EXERCISE DESCRIPTION =>
Could you repeat the data word for word while skipping the pictures?

DATA PROVIDED =>
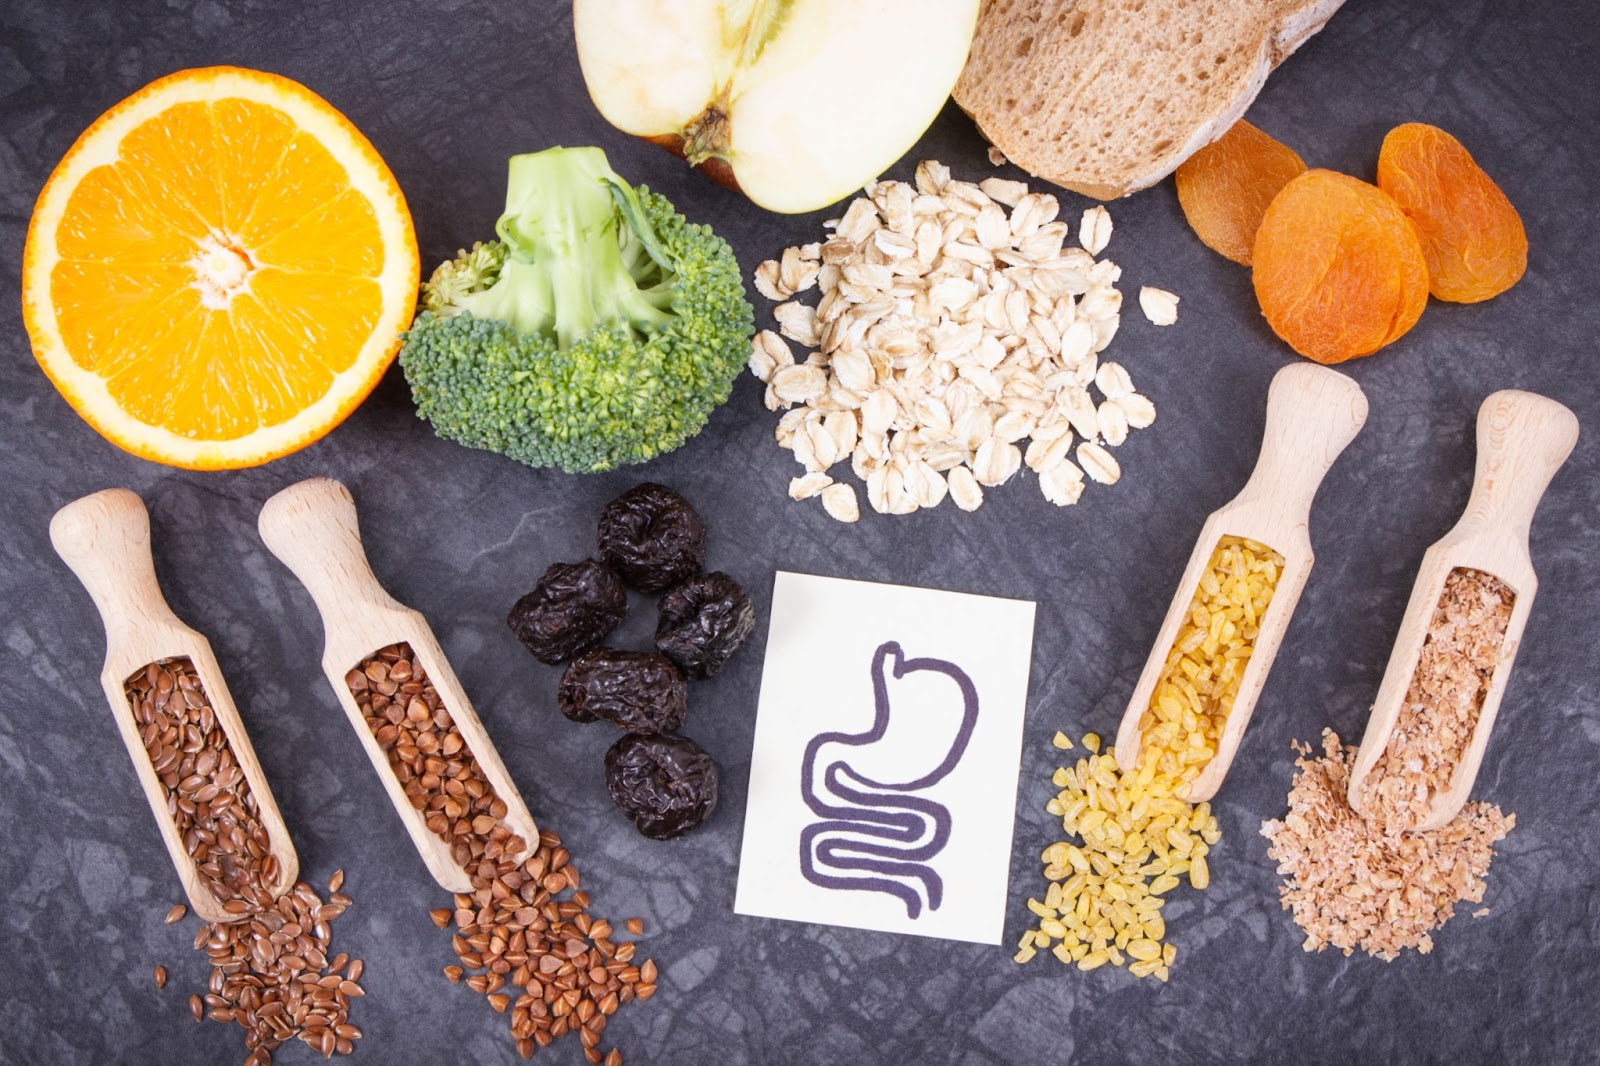 Aliments contenants des fibres pouvant causer des inconforts digestifs présentés sur un fond foncé accompagné d'une fiche illustrant le système digestif
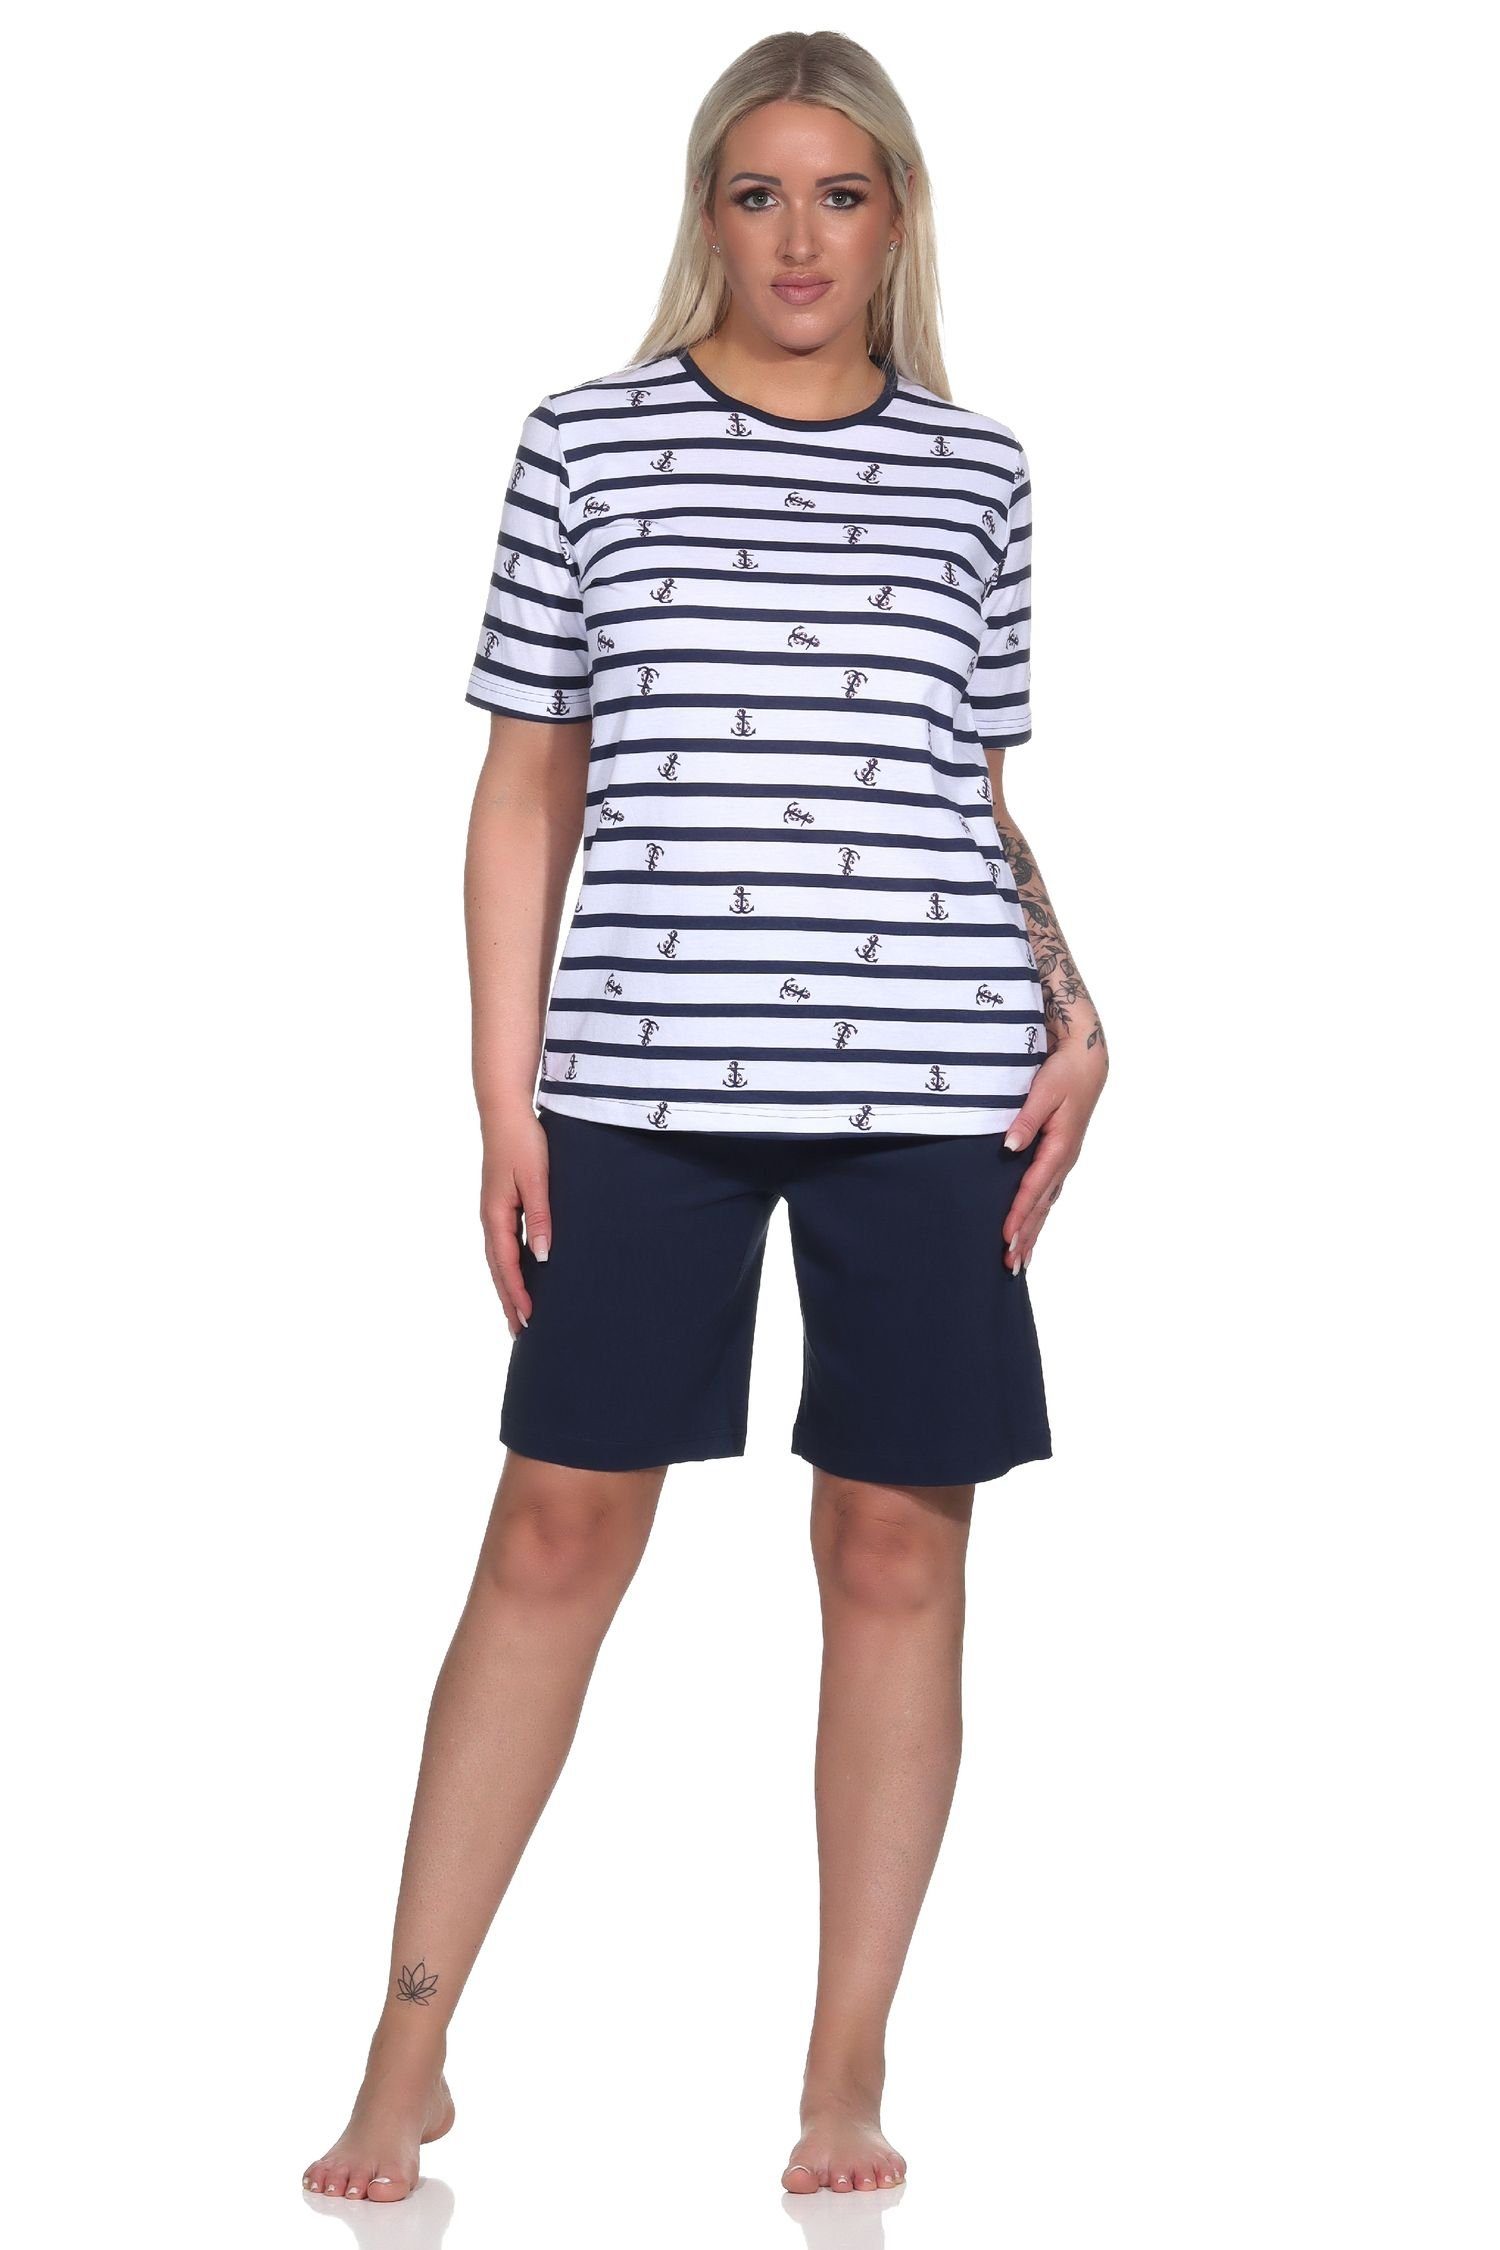 Shorty - in Pyjama maritime Damen Übergrößen Optik Schlafanzug auch marine kurzarm Normann
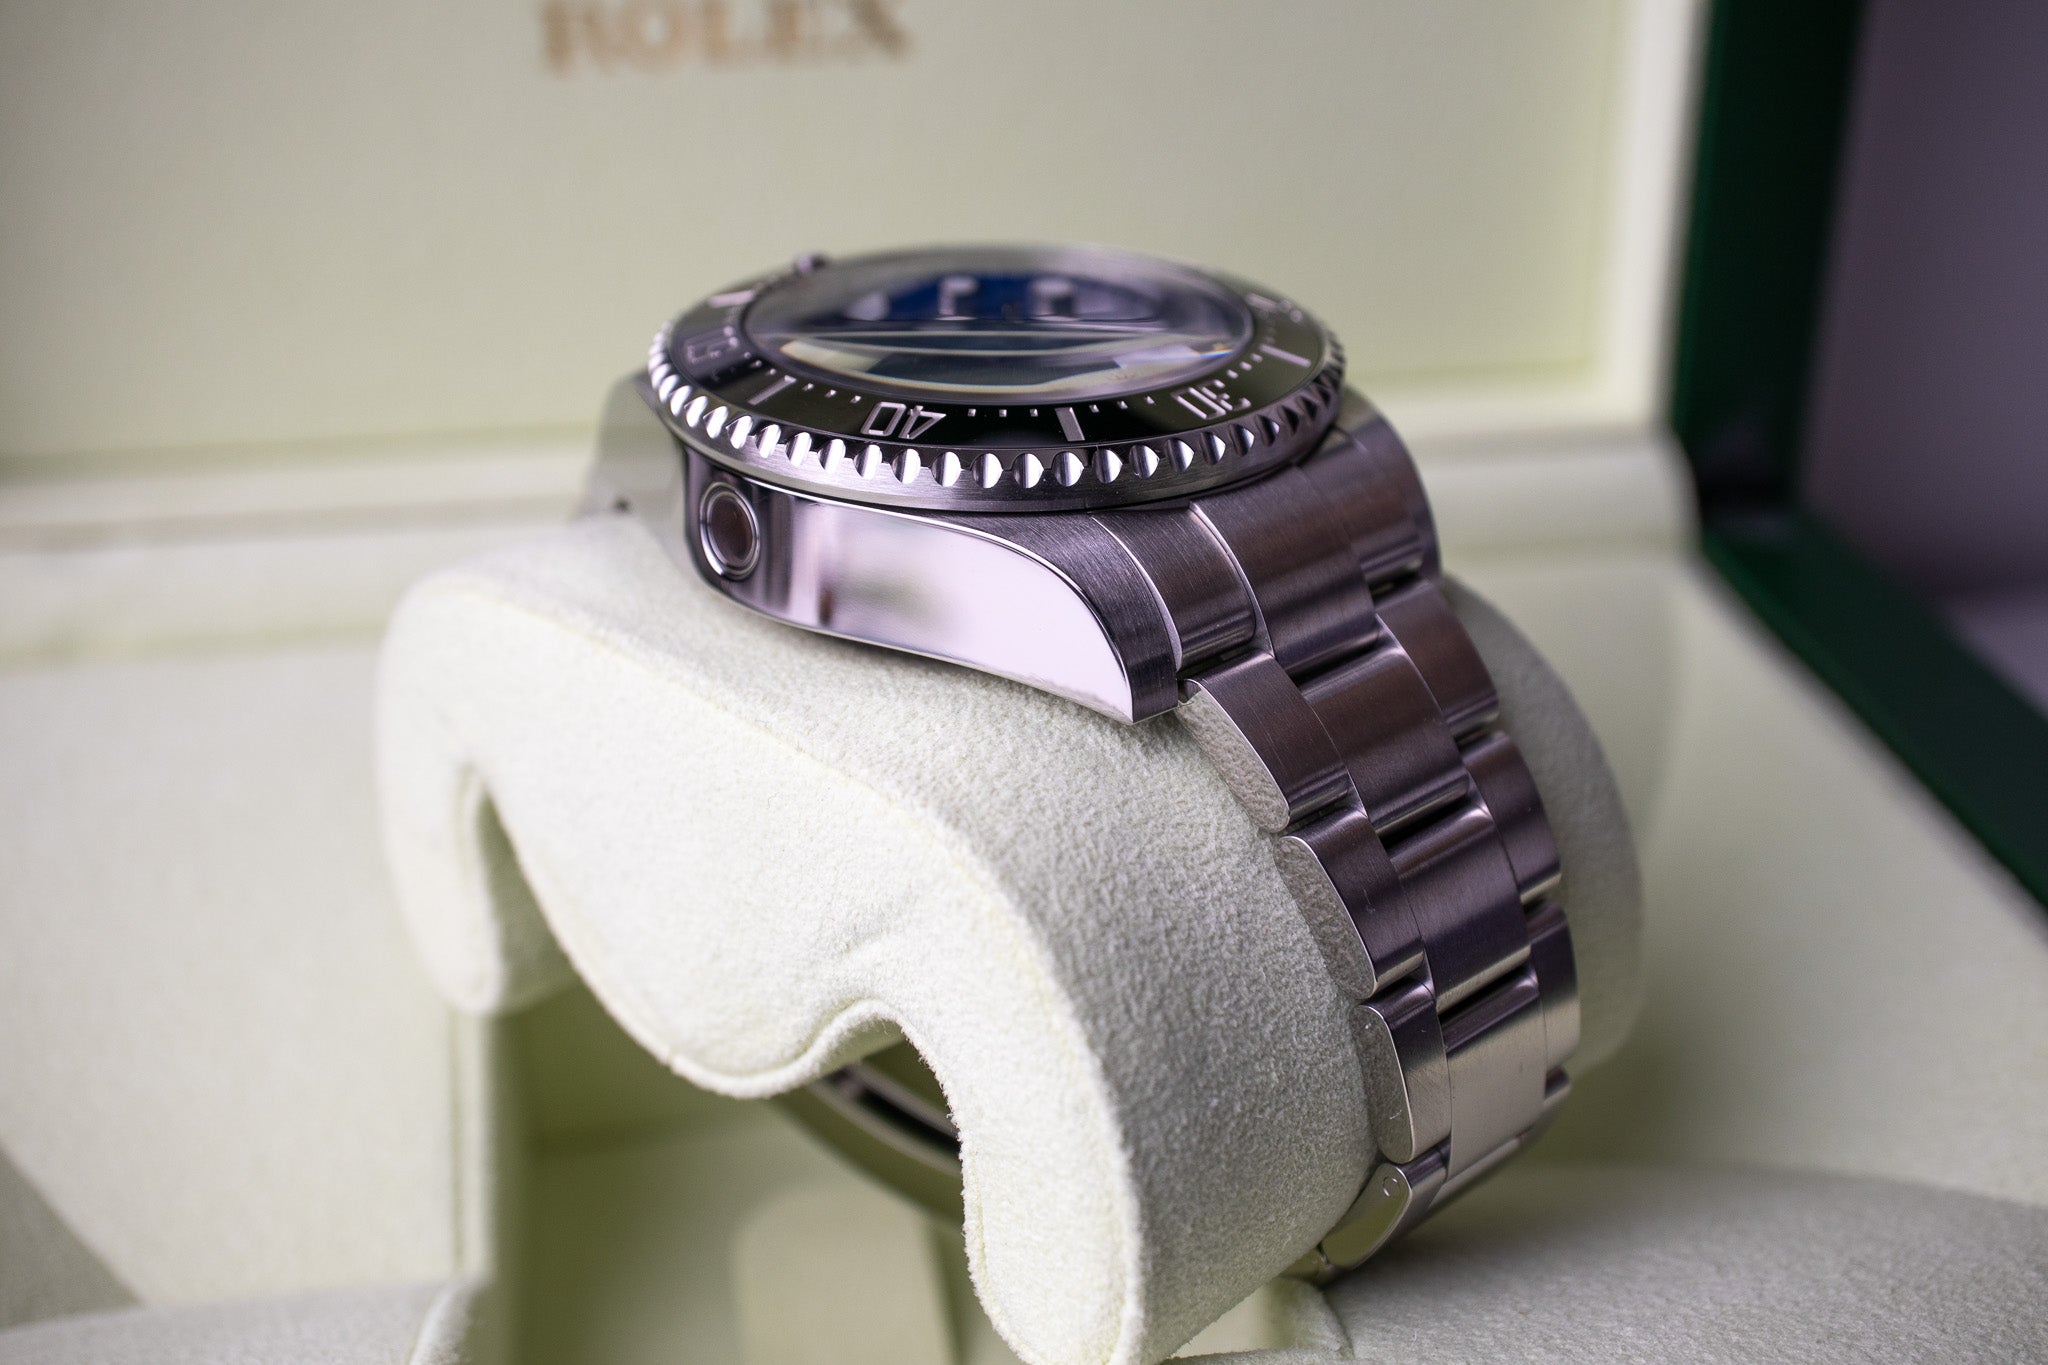 Rolex Deepsea Sea-Dweller 116660 James Cameron

EXERCISE RESPONSE =>
 Aliments contenants des fibres pouvant causer des inconforts digestifs présentés sur un fond foncé accompagné d'une fiche illustrant le système digestif
 Shorty - in Pyjama maritime Damen Übergrößen Optik Schlafanzug auch marine kurzarm Normann
 Rolex Deepsea Sea-Dweller 116660 James Cameron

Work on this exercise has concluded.